I'd like to write myself a hello-world example, but I might just not know what I'm doing. My misunderstanding could also be gaps in my statistical knowledge.
With that preface, let me explain what I'm trying to explore.
I have some observed set of events for which I calculate some observable and make a binned histogram of that data. I hypothesize that there are two contributing physics processes, which I call signal and background. I generate some Monte Carlo samples for these processes and the theorized total number of events is close to, but not exactly what I observe.
I would like to:
Fit the data to this two process hypothesis
Get from the fit the optimal values for the number of events for each process
Get the uncertainties on these fitted values
If appropriate, calculate an upper limit on the number of signal events.

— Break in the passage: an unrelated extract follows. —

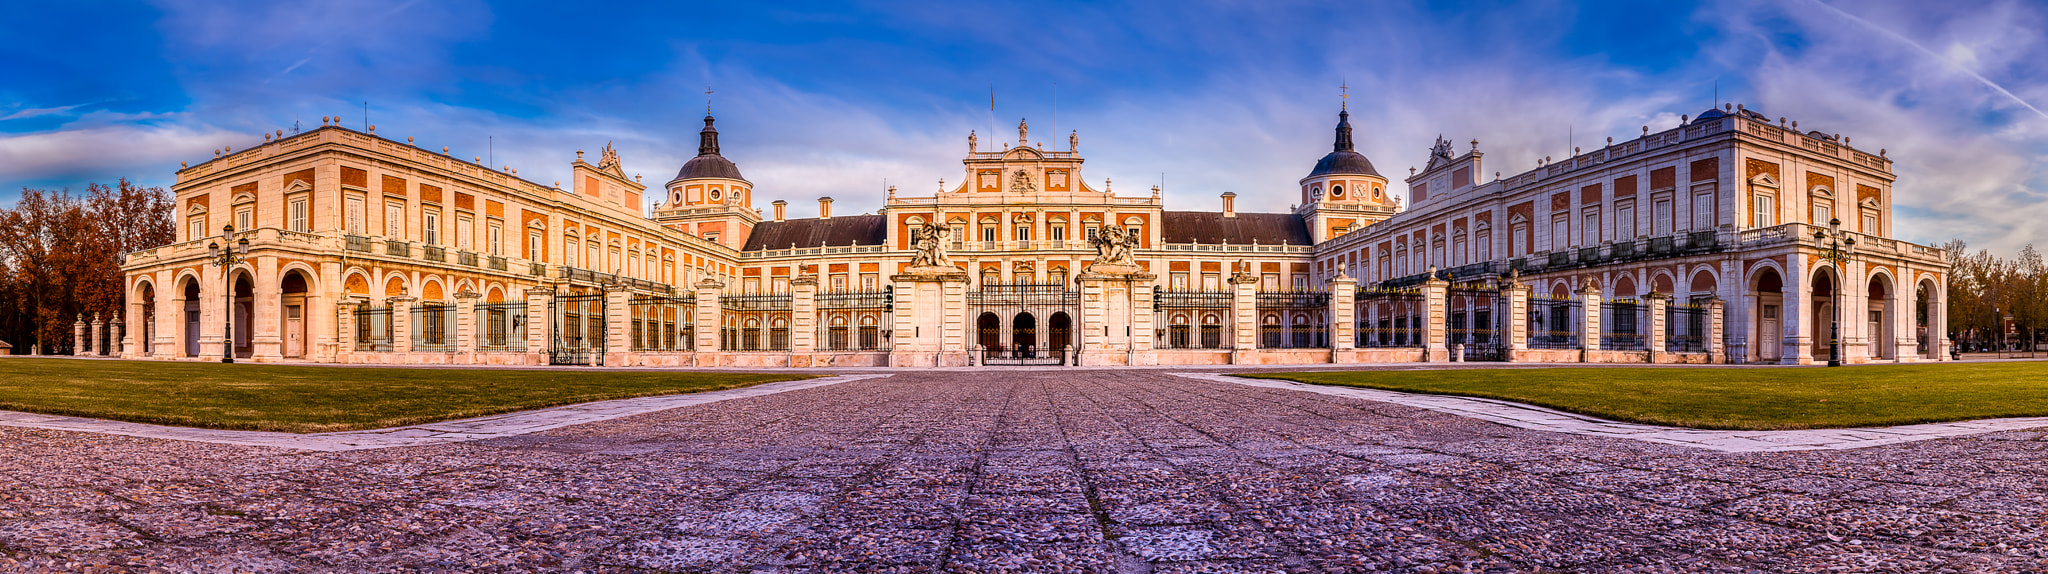 Aranjuez Royal Palace II - Palacio Real de Aranjuez II

My starter code is below, where all I'm doing is an ML fit but I'm not sure where to go. I know it's not set up to do what I want, but I'm getting lost in the examples I find on RTD. I'm sure it's me, this is not a criticism of the documentation.
import pyhf
import numpy as np
import matplotlib.pyplot as plt
nbins = 15
# Generate a background and signal MC sample`
MC_signal_events = np.random.normal(5,1.0,200)
MC_background_events = 10*np.random.random(1000)
signal_data = np.histogram(MC_signal_events,bins=nbins)[0]
bkg_data = np.histogram(MC_background_events,bins=nbins)[0]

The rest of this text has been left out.